本研究将以民事庭审为语料,考察态度系统在案件事实重构中的运作,探讨不同态度资源的互动如何协同重构庭审事实,以期为法庭话语研究及庭审实质化改革提供新的理论视角与实践启示。主要研究问题为1) 庭审话语中存在哪些类型的态度资源,其总体分布特征如何?2) 基于态度资源,庭审话语呈现出哪些典型的事实重构话语策略?
2. 文献综述
2.1. 庭审事实重构研究
在法学领域,案件事实的形成以建构论为主流。杨建军将法庭中的事实重构归纳为逻辑推理、归类涵摄、等置和价值评价四种模式,强调事实重构的多层逻辑[5]。杨波从认识论、程序规则和审判过程等方面探讨了法律事实的生成机制,指出事实重构具有动态与互动特征[6]。
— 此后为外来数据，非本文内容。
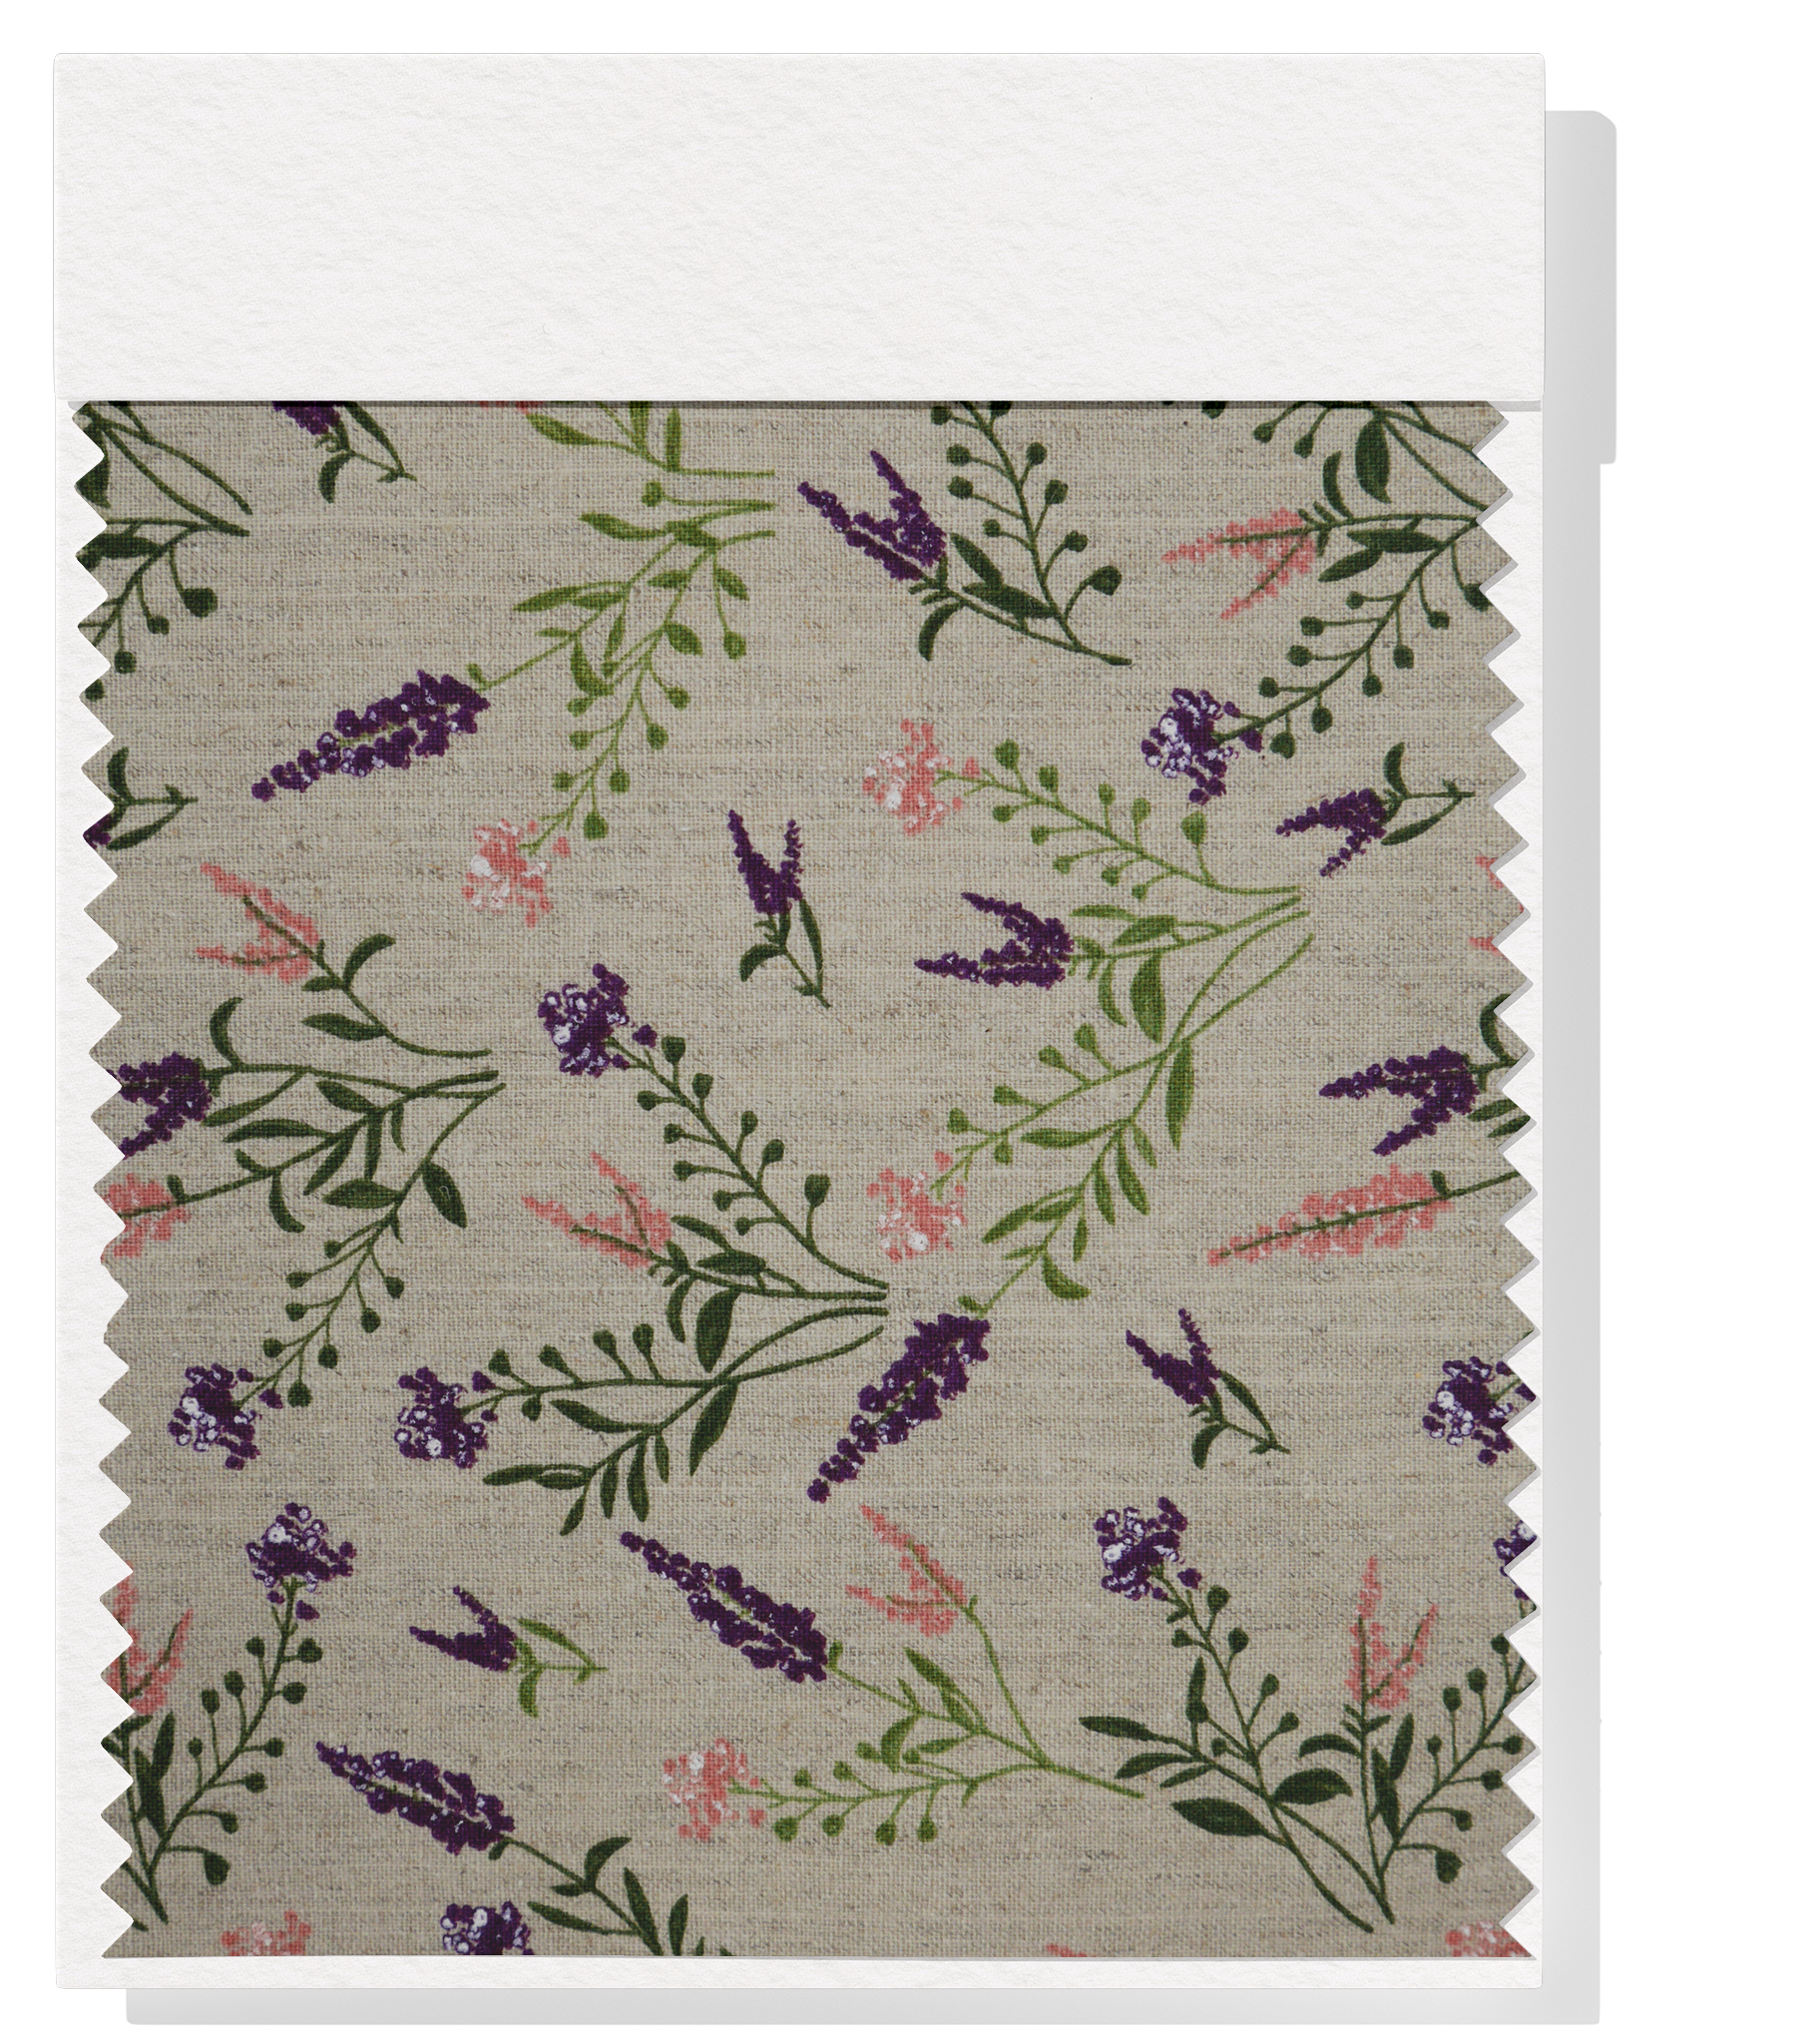 Printed Linen / Cotton $28.00p/m - Lavender

夏丹则认为,事件的选择、叙述、组织和评议系统重构了民事庭审事实[7]。
庭审事实重构的语言学研究主要集中于修辞研究和语用策略。修辞研究将庭审事实重构视为一种高度目的性的“讲故事”艺术,各诉讼主体通过情节构建、事件选择[8]、人物塑造[9]和情境建构[10]等方式进行案件事实重构。语言策略方面,诉讼参与人则通过策略性问话[11]、转述[12]、指称[13]、话语标记[14]、反事实表达[15]、功能语义构型[16]等语言策略影响事实重构。总体来看,法学领域的研究强调案件事实的建构性特征,语言学领域则揭示了语言是各诉讼主体重构案件事实的重要载体。然而,相关研究没有充分探讨评价性语言如何影响案件事实重构。
2.2. 态度系统研究
随着评价理论的发展,态度系统已被广泛应用于各类话语分析。态度系统在法律语篇中的应用多集中于刑事辩护词与判决书。施光[17]分析了刑事判决中的态度表达,并发现社会约束类判断是实现对被告是否有罪以及应判处何种刑罚的评判的最重要方式。田华静和王振华[18]研究了刑事辩护词中态度资源的分布特征,发现律师以判断为主,辅以欣赏和情感,进而更好地说服法官和听众。针对两篇裁判文书,于梅欣和申露[19]指出评价资源重新构建了当事人具有冲突性的立场及法官立场,并引导社会价值取向。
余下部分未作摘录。